# Thread: Basic Linear Algebra Proof

1. ## Basic Linear Algebra Proof

Consider the homogeneous system of linear equations
$ax + by = 0$
$cx + dy = 0$
Prove that if $ad - bc \not= 0$, then $x = 0,y=0$ is the only solution to the system.

First, I tried rewriting the system of equations to get $y = -\frac{a}{b} x$ and $y = -\frac{c}{d} x$. This would have probably helped me in the proof, but I realized that I may not be able to divide by $b$ and $d$ because they may be $0$.

Maybe I could use the contrapositive to prove this. Proving the statement "If $ad - bc = 0$, then $x = 0, y = 0$ is not the only solution to the system. I'd have to show that there are more solutions. I am not sure how to do this though. Although, this seems like the easiest way to prove it.

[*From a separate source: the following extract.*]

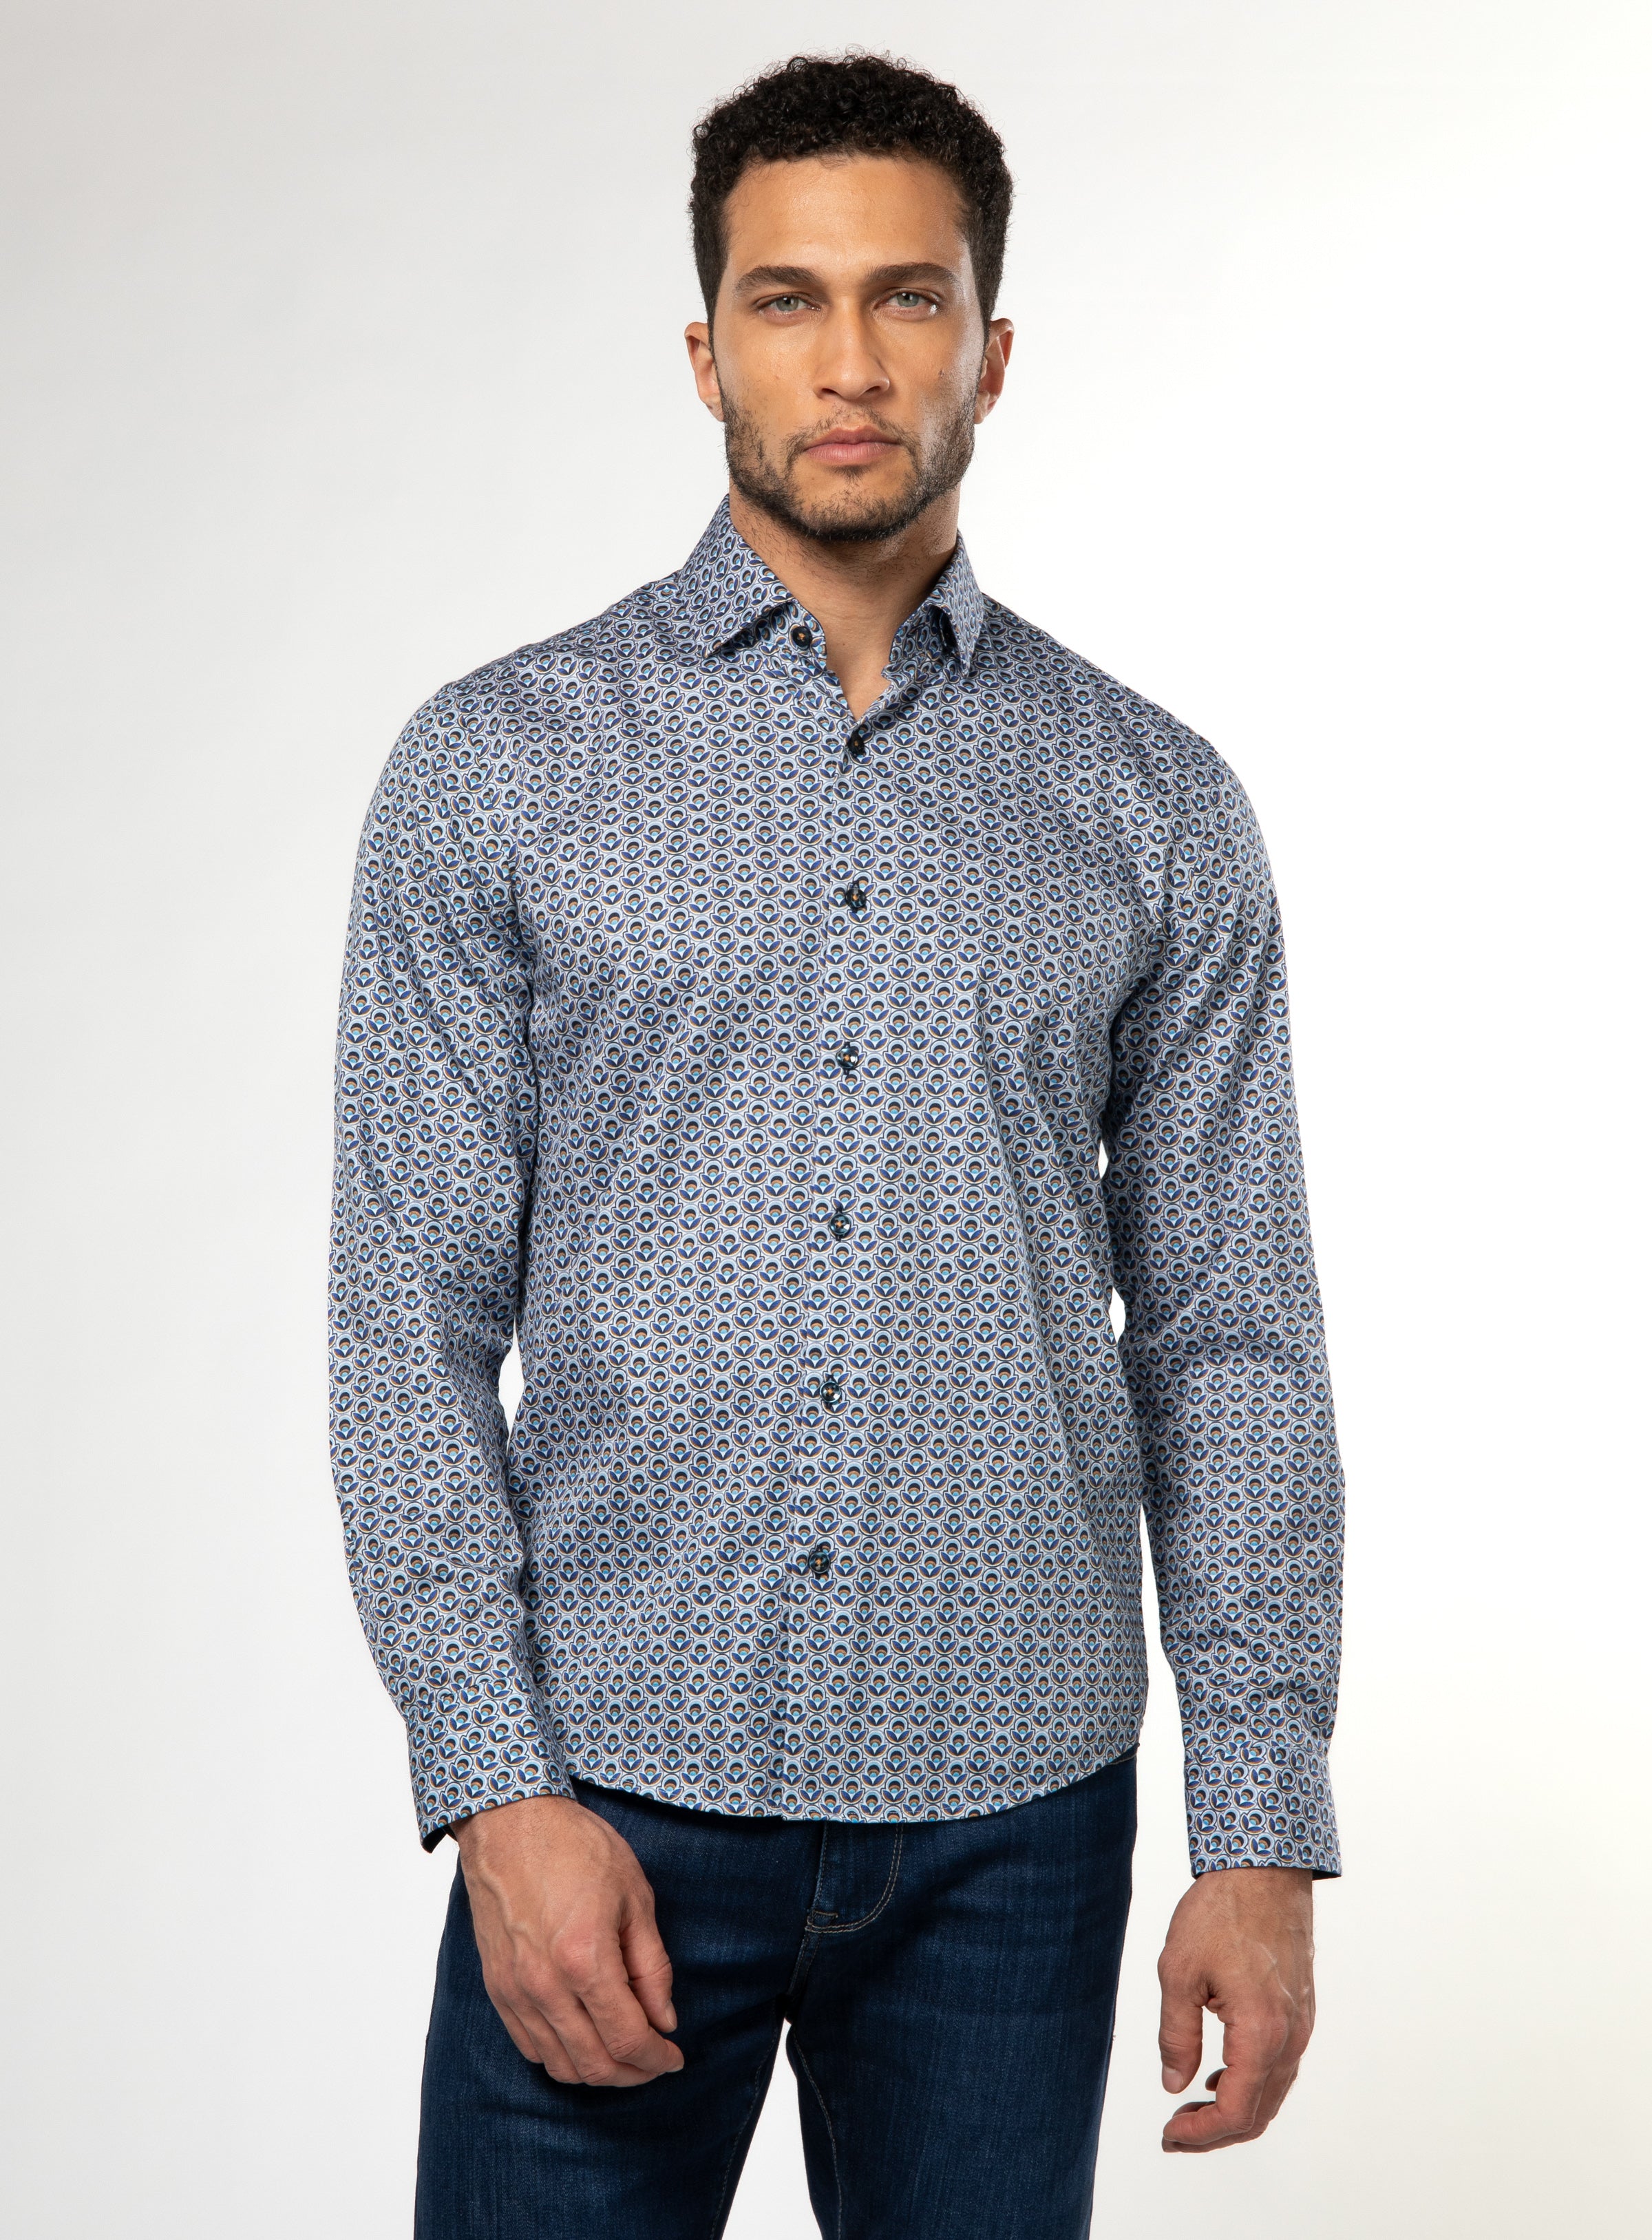 Men's Casual Shirts and Overshirts - Ernest

Can anyone give me some help? Thanks in advance.

2. Originally Posted by Jacobpm64
Consider the homogeneous system of linear equations
$ax + by = 0$
$cx + dy = 0$
Prove that if $ad - bc \not= 0$, then $x = 0,y=0$ is the only solution to the system.
If the determinant, $ad-bc$, is non-zero then this equation has exactly one solution i.e. the trivial solution.

But, it seems you never learned how determinants correspond to linear equations, thus we will do it another way.

You can write,
$adx+bdy=0$
$bcx+bdy=0$
Subtract two equations,
$(ad - bc) x = 0$
Since $ad-bc\not =0$ it means $x = 0$ which in turn implies $y=0$. Thus, there is only the trivial solution.

3. oh, i screwed up.. it was an if and only if..

I proved that part pretty easily..

the part i actually needed help with is the other direction.

If x = 0, y = 0 is the only solution, then $ad - bc \not= 0$